Tough times for TinCaps
According to team president Mike Nutter, 80% to 90% of the TinCaps' revenue comes from the five or so months in which games are played. That means the team hasn't generated much money since early September 2019. Tack on to that the expenses of preparing for a 2020 season that didn't happen and a 2021 season that will begin in May, and the impact of the pandemic is clear.
“For us, it couldn't have come at a worse time because we had taken the six, seven months of all the expenses in the (2019-20) offseason. The season was about to start in April of 2020 and, boom, (the pandemic) hits,” Nutter said.
The TinCaps' 2021 season is scheduled to open at Parkview Field on May 4 and run through the middle of September, encompassing 60 home games. The team is currently hiring part-time help for the season.
Compared to the Komets, the TinCaps are a different animal. Their full-time staff is bigger – they have 32 – and total staff can balloon to almost 600. It's important to note, while the Komets are a tenant at the Coliseum, the TinCaps operate Parkview Field and all of its functions, which run the gamut of weddings, graduations, corporate meetings and concerts.
It's helped that the TinCaps have been able to roll season-ticket money and sponsorship dollars into this season, but furloughs of up to 25 staff members at a time have been ongoing since May. Job descriptions dictated when they were furloughed. For example, the field had to be maintained and that couldn't be done without groundskeepers.
The TinCaps lost some furloughed staff members to other job opportunities.

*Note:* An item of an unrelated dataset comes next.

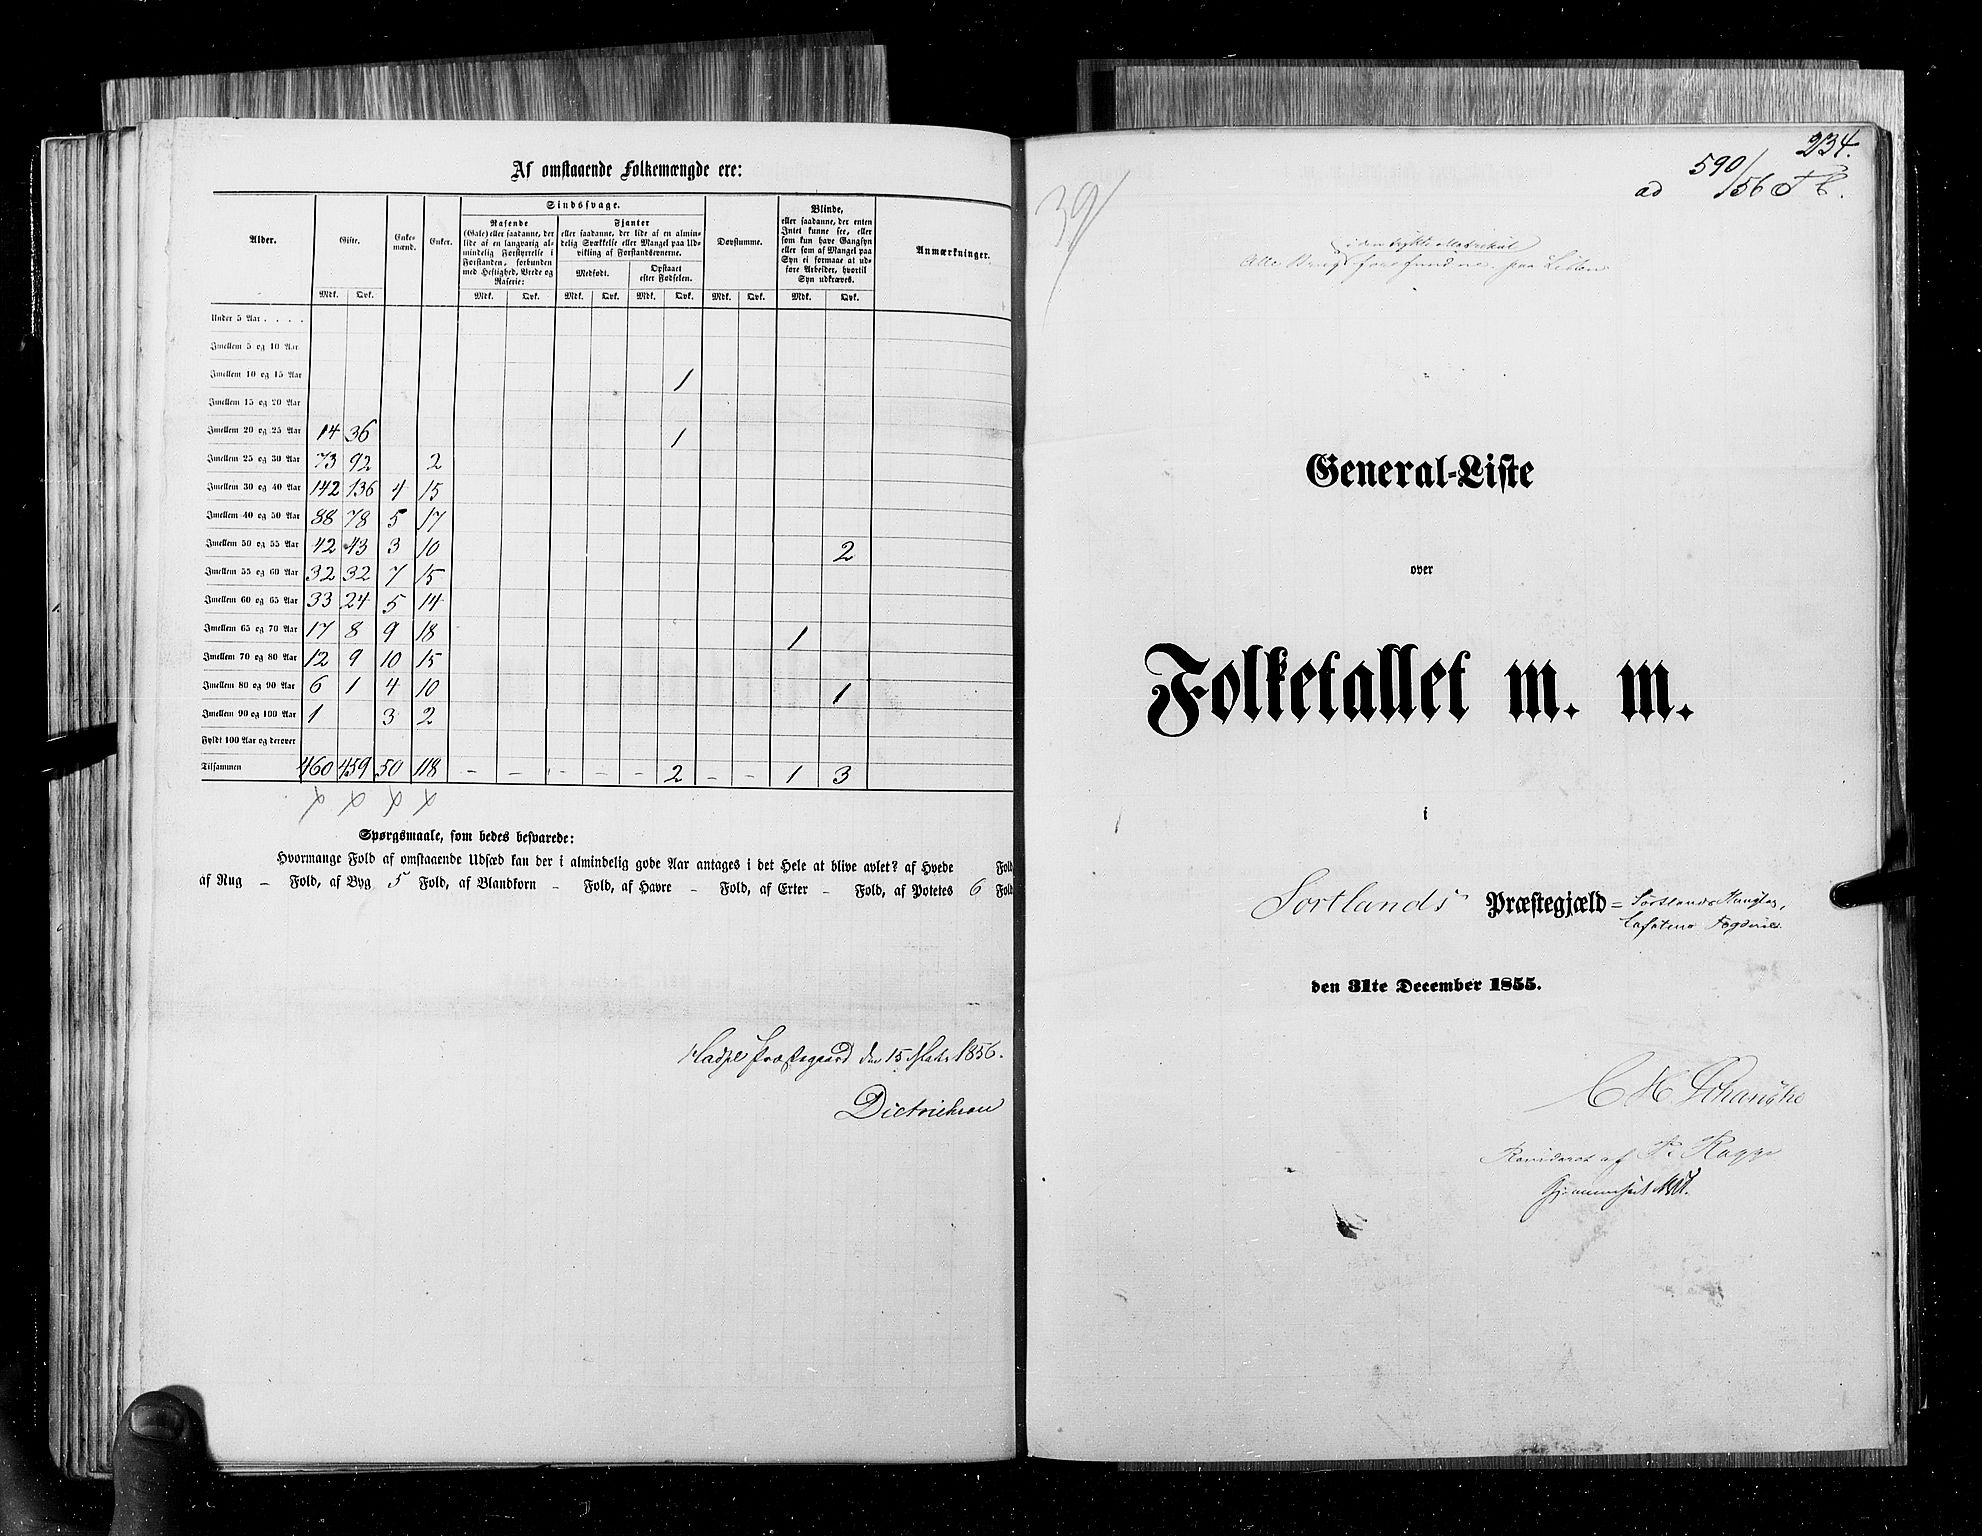 RA, Folketellingen 1855, bind 6B: Nordland amt og Finnmarken amt, 1855, s. 234

“A lot of these guys were like, 'I just can't make it anymore,'” said Nutter, adding the team's staff size will shrink to alleviate financial losses and because, with things like concessions, there won't be as much need with limited capacity. “I could tell you the name of a team and they went into this (pandemic) at 40 full-time people and they're going to be playing this year in the low 20s.”
The Komets and TinCaps received money through the government's Payroll Protection Program, and that helped them delay furloughs for a while. (The Mad Ants basketball team, Fort Wayne's third professional franchise, didn't respond to requests to be interviewed.)
“(The PPP) was very, very helpful to help keep people around while we were still trying to figure everything out,” Nutter said.
Nutter looks back on a meeting with his staff in March 2020, informing them that'd be shutting down operations because of the pandemic, and admitted he couldn't have envisioned just how difficult the ensuing year would be.
“I called everybody up to the suite lounge,” he said. “This is a ridiculous statement to make now, with what the world has been, but I called the staff together and said, 'We're not going to work next Monday and I don't know how long we're going to be out – whether it'll be a couple weeks, a month, a couple months or longer.' That was (more than) 11 months ago and we haven't reopened.”
About the series
This is one of several Sports stories that will explore issues affecting local and state athletics as the one-year anniversary of the coronavirus outbreak being declared a pandemic approaches in March.
The stories are part of “COVID-19: Caught in the Grip,” a Journal Gazette series about changes prompted by the virus – at least temporarily – as individuals and communities rallied to respond and learned to cope.